Task instructions | Scan the records below for the line with "Sunscreen 101: Choosing" and the line with "The Napier’s technology". Repeat those two lines and every line between them exactly, and nothing else.

Source material |
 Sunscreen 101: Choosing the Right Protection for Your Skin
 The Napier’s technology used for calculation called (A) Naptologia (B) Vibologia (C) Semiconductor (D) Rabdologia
* * *
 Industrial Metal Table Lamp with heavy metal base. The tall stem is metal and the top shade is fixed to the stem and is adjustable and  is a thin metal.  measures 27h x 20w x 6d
--
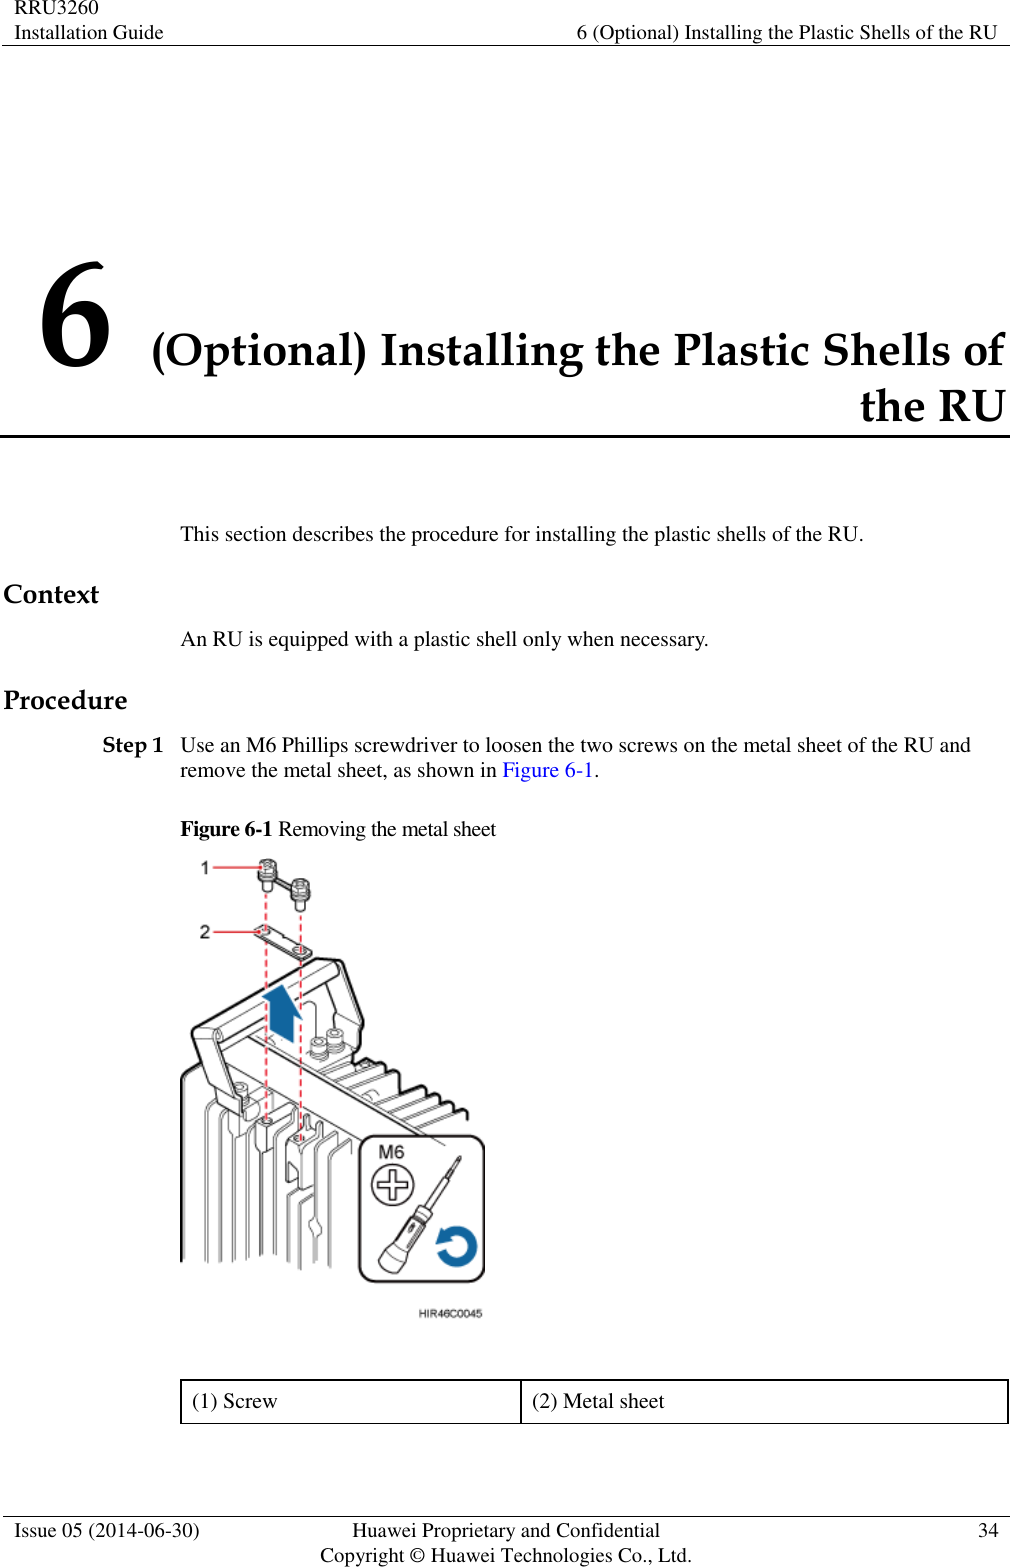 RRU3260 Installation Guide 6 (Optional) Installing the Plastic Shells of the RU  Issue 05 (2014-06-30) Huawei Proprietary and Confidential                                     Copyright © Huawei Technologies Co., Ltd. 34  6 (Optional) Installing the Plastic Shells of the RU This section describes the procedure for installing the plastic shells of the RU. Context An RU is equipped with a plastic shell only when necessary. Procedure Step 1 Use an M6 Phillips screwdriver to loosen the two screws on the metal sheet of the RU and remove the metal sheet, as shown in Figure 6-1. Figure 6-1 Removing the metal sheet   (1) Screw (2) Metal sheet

Result of the task |
 Sunscreen 101: Choosing the Right Protection for Your Skin
 The Napier’s technology used for calculation called (A) Naptologia (B) Vibologia (C) Semiconductor (D) Rabdologia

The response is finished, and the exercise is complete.